Often I’ll be talking to Dave, friends or new acquaintances and something will come up in conversation where I’ll say ‘yeah, we did that, you know, before kids’. It’ll be an experience, a holiday, city break or even a West End show and it will bring up memories of this time BK. Before Kids. When it was just Dave and I.
It’s as if there’s a line drawn through your life. BK and AK. There’s before kids and after kids with no transition in the middle – one minute you don’t have kids, the next you do and there’s a line drawn in the sand. Life as you knew it will never be the same again.
Dave and I did so much before kids. We bought our first house, got the cats, got married. We travelled a bit – going to Egypt, Tunisia, Rome, Paris, Las Vegas, the Dominican Republic and on honeymoon to Mexico. We went to see movies all the time and we went to more concerts than I can even remember.
It feels like all those things were a lifetime ago. In fact they were two lifetimes ago – they were before LP and Little Man, two lives that changed our lives forever.
It also feels like all those things happened to a different person. And they did. They happened to the me that I was before kids – and I think, no matter how hard you try not to let it, having children changes you. It makes you a different person, it makes you see the world differently and it gives you a whole new purpose in life.
Before kids Dave and I had a really lovely life. We did so much, went out a lot and just enjoyed ourselves. After kids was so different – but it was the same too – and better, all at the same time.
After kids we still went out a lot – with children in tow. We enjoyed ourselves even more because we saw everything through the children’s eyes and we did things we knew would make them happy.
We did so much before having the children but most of it seems irrelevant now. We went to Rome and it was my favourite place, my favourite city break and somewhere I loved instantly. It had so much culture, so much history and the food was incredible. But, I’d love to go back again – not just to go again but to go back with the children. I’d love to introduce them to that city that I loved so much, walk through the Colosseum with them and share huge bowls of pasta with them. Going to Rome with the children would feel like we hadn’t been before, it would be fresh and new with two little people to help us see it as if for the very first time.

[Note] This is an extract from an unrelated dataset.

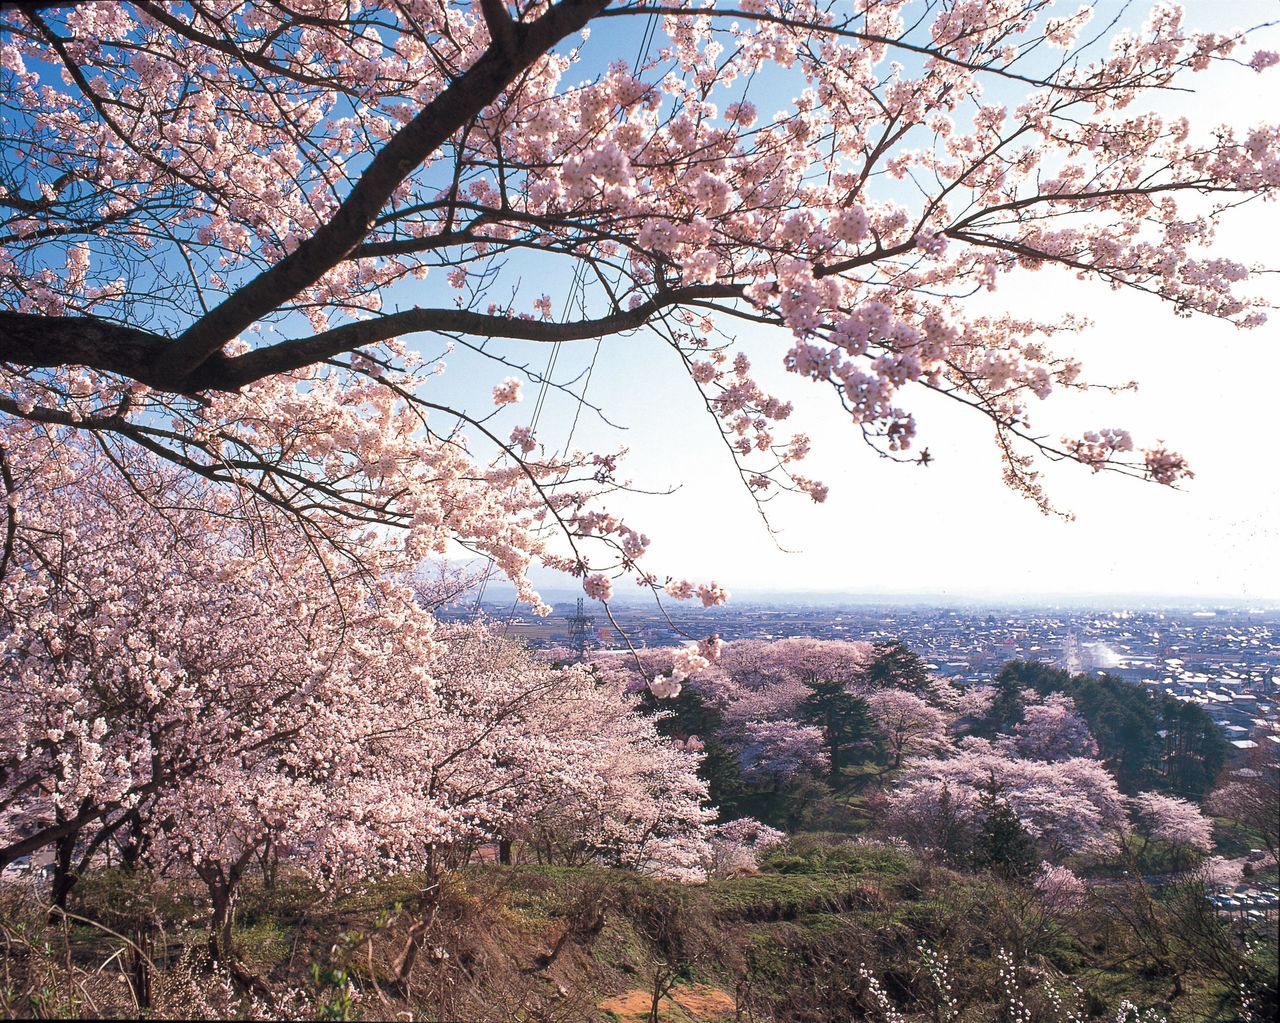 Los mil cerezos de Eboshiyama, desde donde se pueden contemplar también vistas de Akayu Onsen (imagen cortesía de la Asociación de Turismo y Productos Locales de Yamagata). 
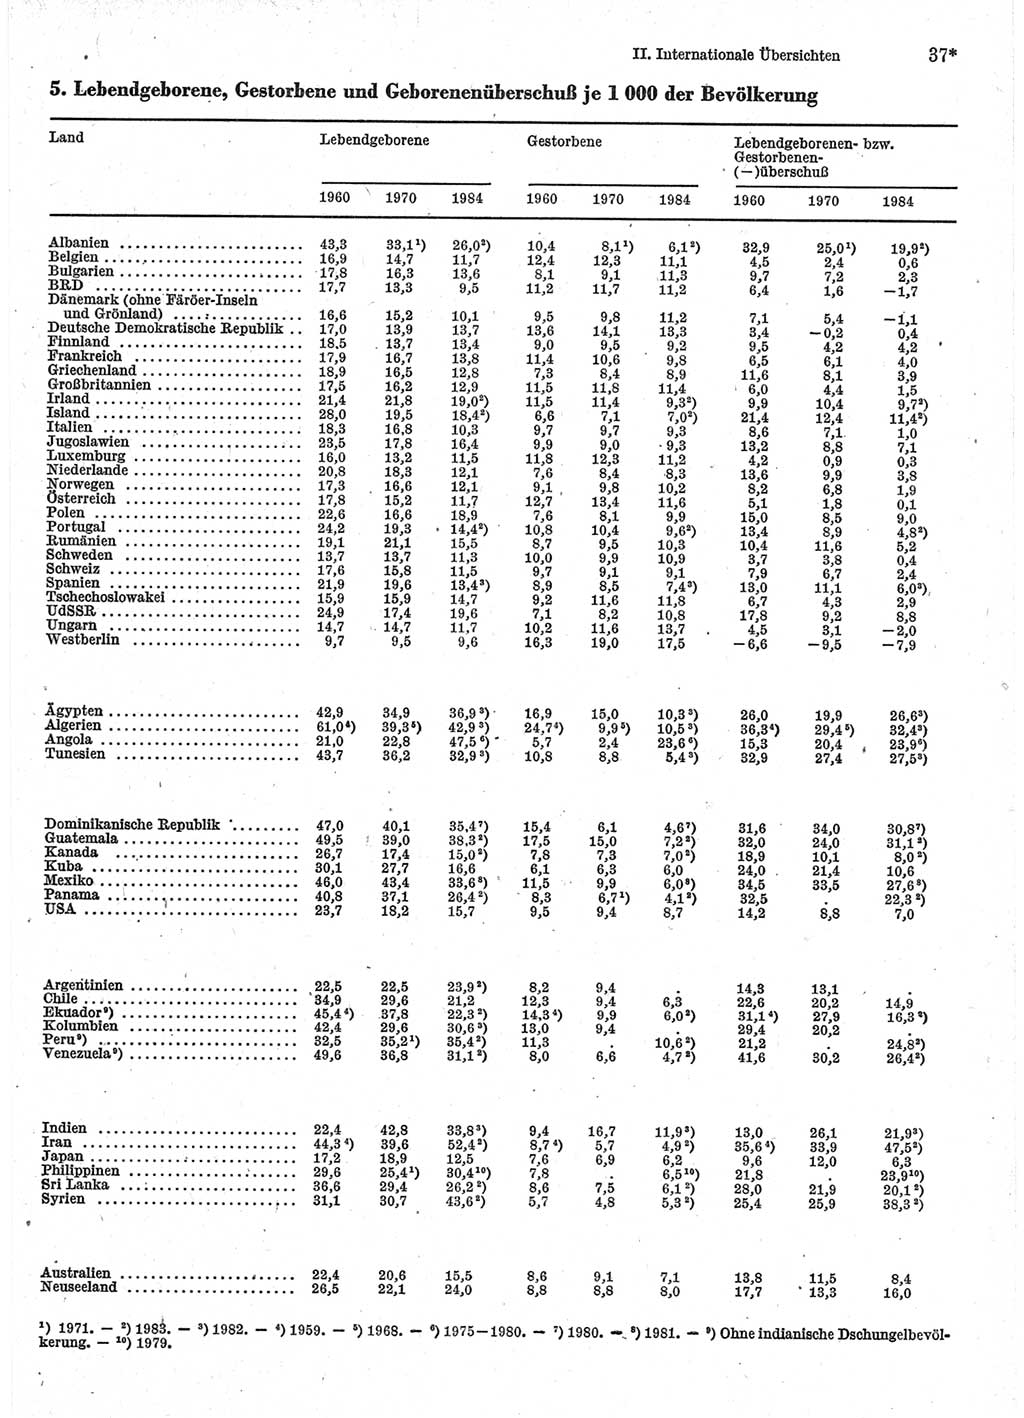 Statistisches Jahrbuch der Deutschen Demokratischen Republik (DDR) 1986, Seite 37 (Stat. Jb. DDR 1986, S. 37)

I lived so much of my life before kids. I was 26 when LP was born. But one day, the time after kids will overtake the time before kids. I’ll have had more life with the children than life before them. But even now, with twenty more years before kids than after them, I feel like the time before kids was so much less. The time after LP was born and after Little Man came along has been so full, so rich and so happy that anything before them seems to pale in comparison.
I’ll always mention that time before kids in conversation. It comes up and it’s relevant. It has an almost nostalgic feel to it as if it’s sepia tinted and packed away in an attic somewhere, gathering dust and getting crisp around the edges.
The time after kids is bright and bold, HD in comparison and 4D, jumping right out at us and using every single one of our senses. It’s vibrant, fun, loud and smells like sun lotion, the outdoors and wet wipes. The time after kids is the here and now. It’s every single minute of every single day and I just wish that those days would last longer. That there were more minutes in each hour of each day to really sit back and appreciate this life that we have.
Life after kids is pretty great – and so different to the life before them.